* _Instructions to follow_
Skip any image you find and restate the rest of the data word for word.

* _Data below_
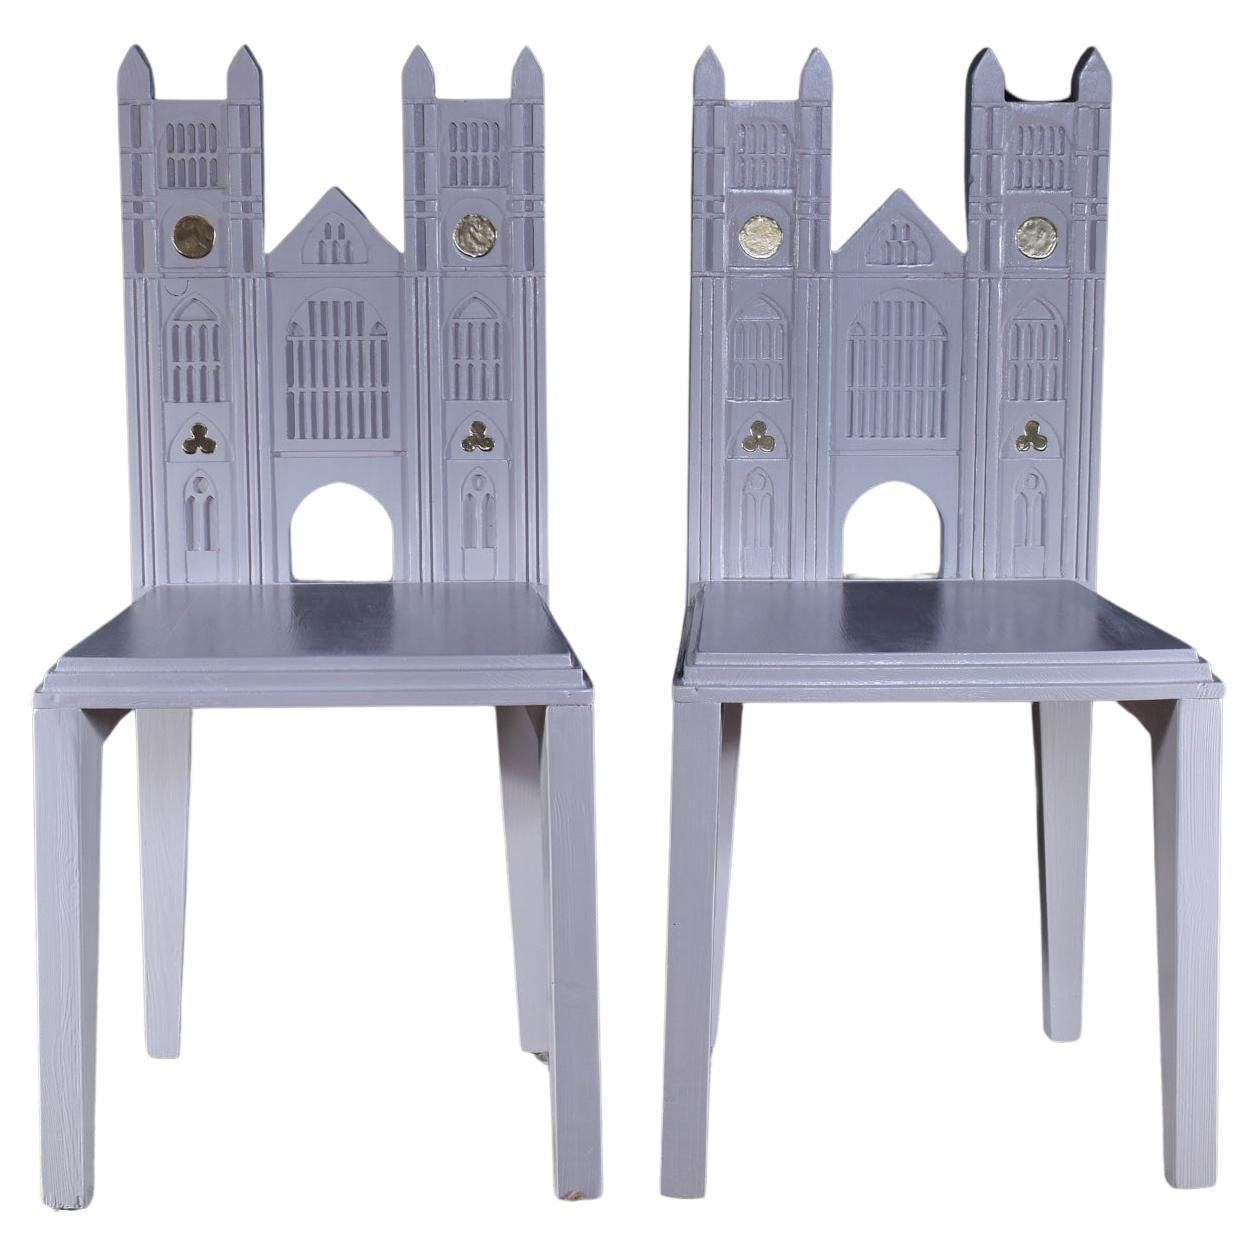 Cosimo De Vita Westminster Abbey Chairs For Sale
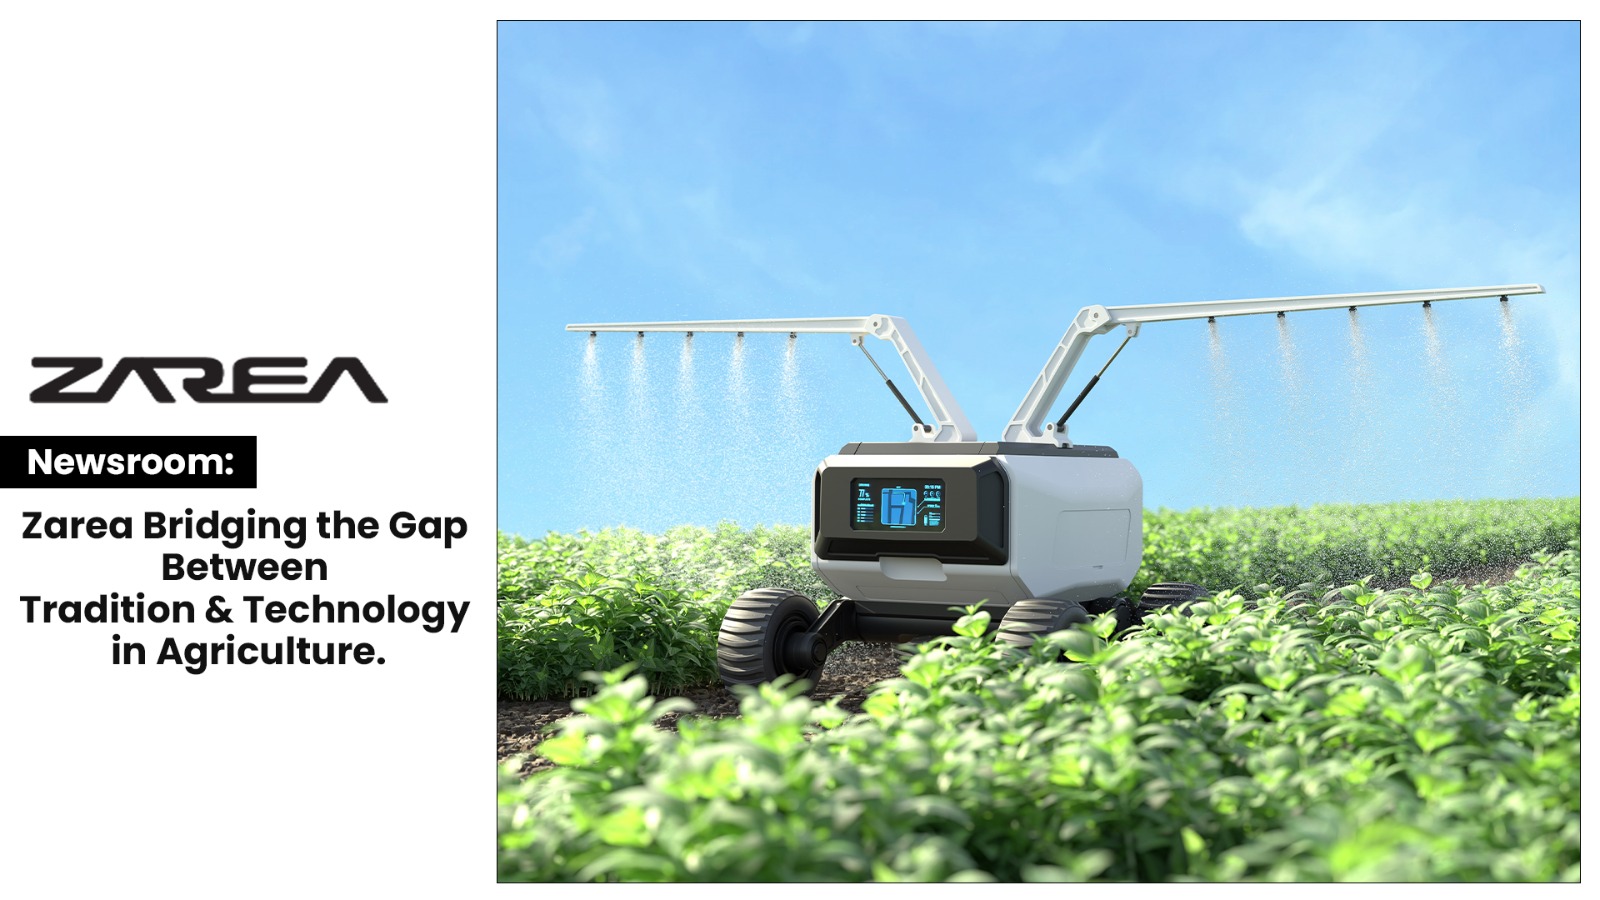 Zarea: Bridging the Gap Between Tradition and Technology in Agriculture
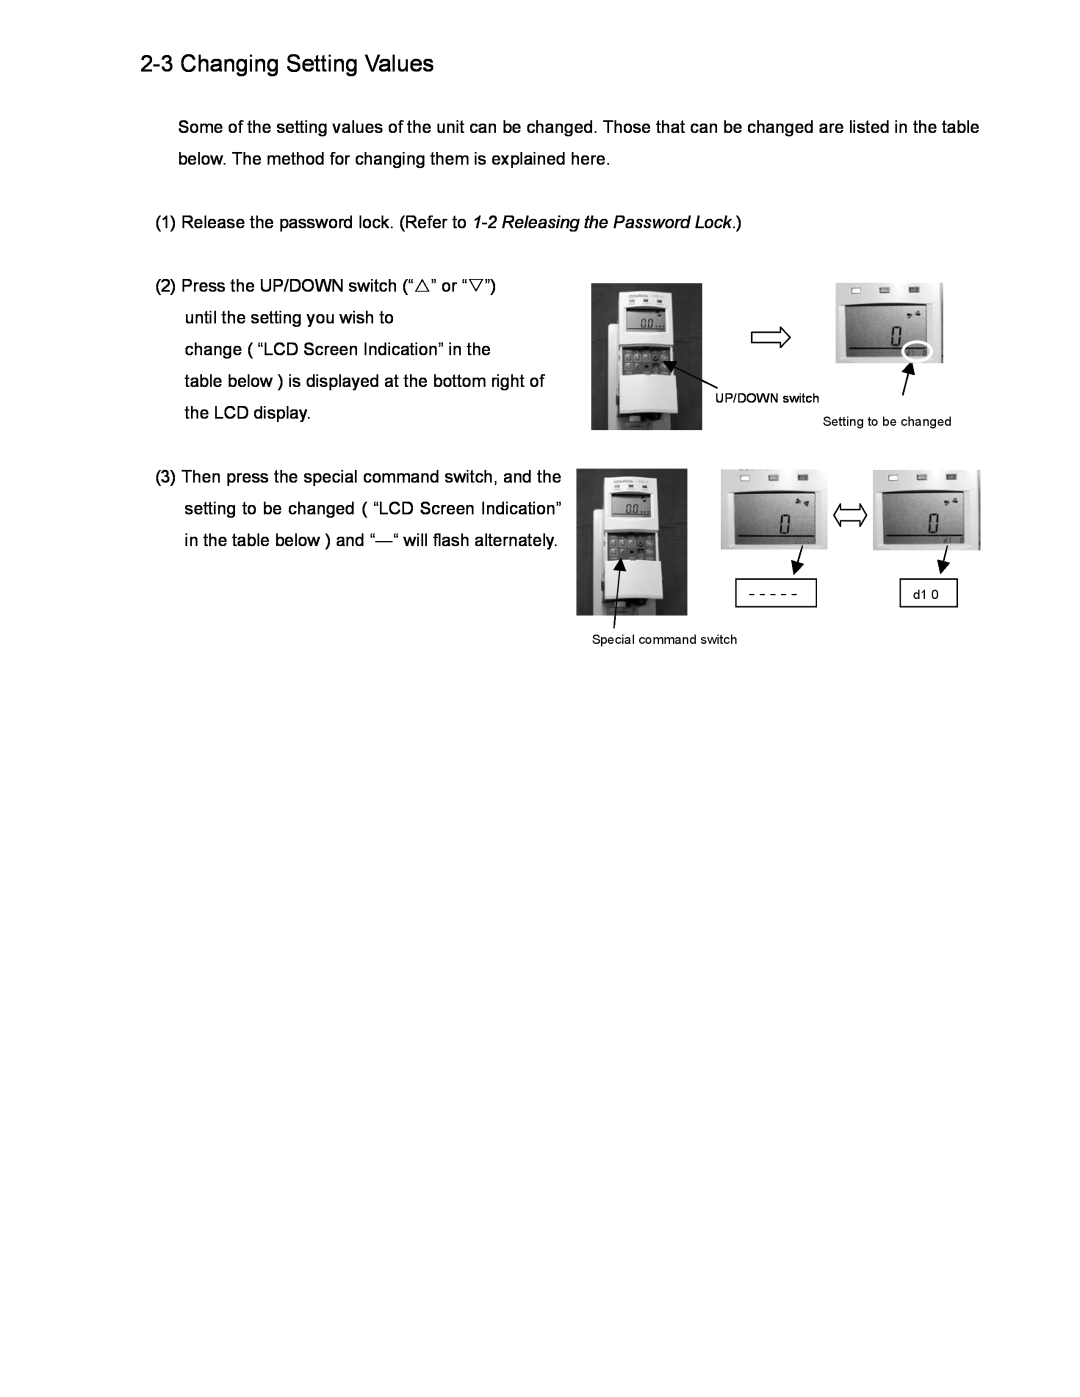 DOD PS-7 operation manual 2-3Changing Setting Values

* _Exercise solution_
 Cosimo De Vita Westminster Abbey Chairs For Sale
 Zarea: Bridging the Gap Between Tradition and Technology in Agriculture
 DOD PS-7 operation manual 2-3Changing Setting Values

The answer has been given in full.